- RECORDS SHOWN -

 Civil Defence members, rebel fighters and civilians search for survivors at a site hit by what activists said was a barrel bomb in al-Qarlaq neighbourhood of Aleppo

* * *

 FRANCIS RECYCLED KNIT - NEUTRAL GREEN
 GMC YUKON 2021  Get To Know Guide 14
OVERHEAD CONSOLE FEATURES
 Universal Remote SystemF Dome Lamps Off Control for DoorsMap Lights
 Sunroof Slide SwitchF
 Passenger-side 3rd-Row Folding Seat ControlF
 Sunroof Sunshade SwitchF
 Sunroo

---

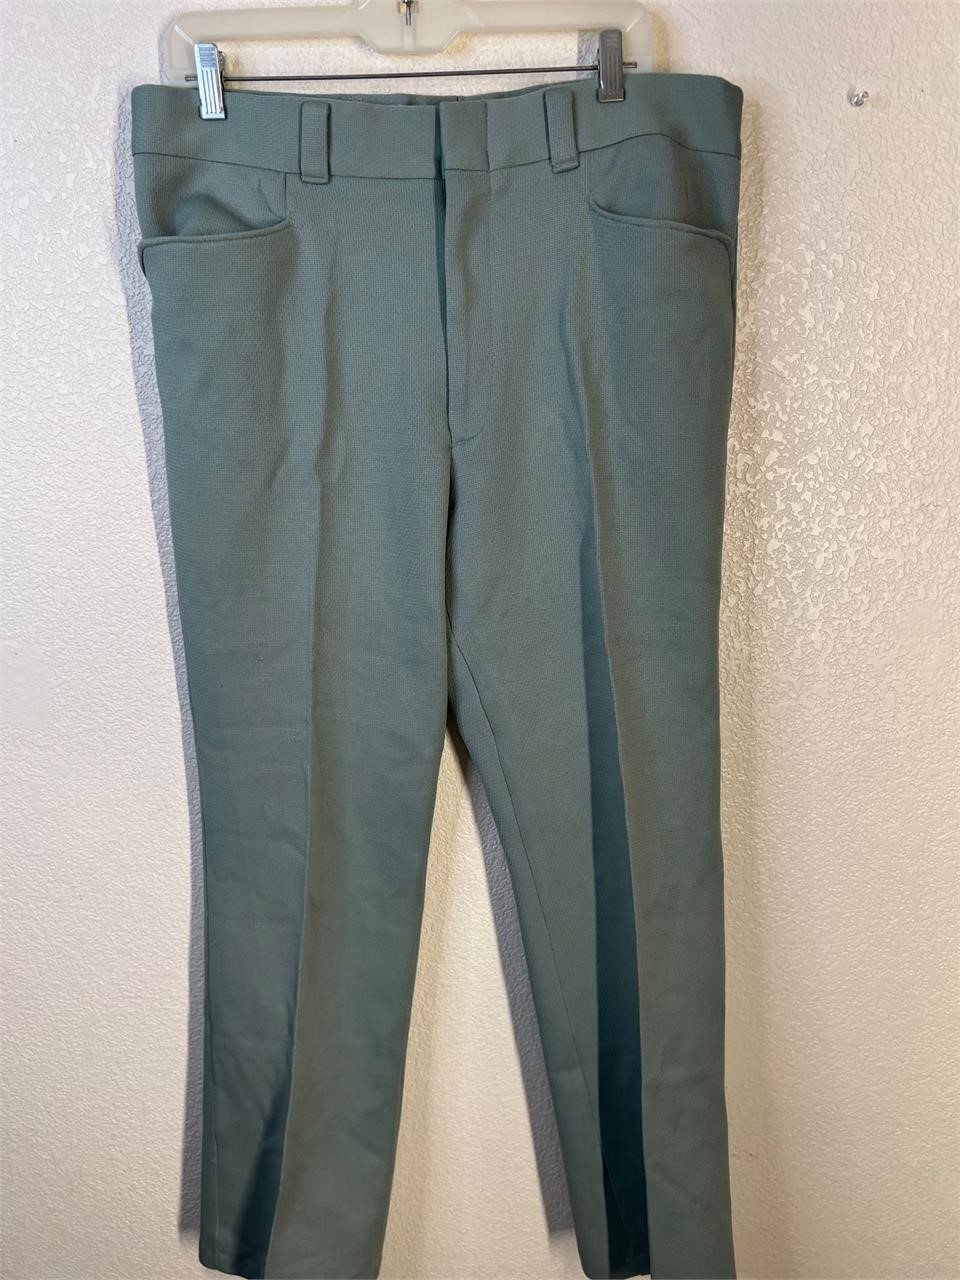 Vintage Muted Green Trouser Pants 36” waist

- WHAT NEEDS TO BE DONE -
After reading through the material, report every line that holds "Sunroof".

- THE COMPLETED TASK -
 Sunroof Slide SwitchF
 Sunroof Sunshade SwitchF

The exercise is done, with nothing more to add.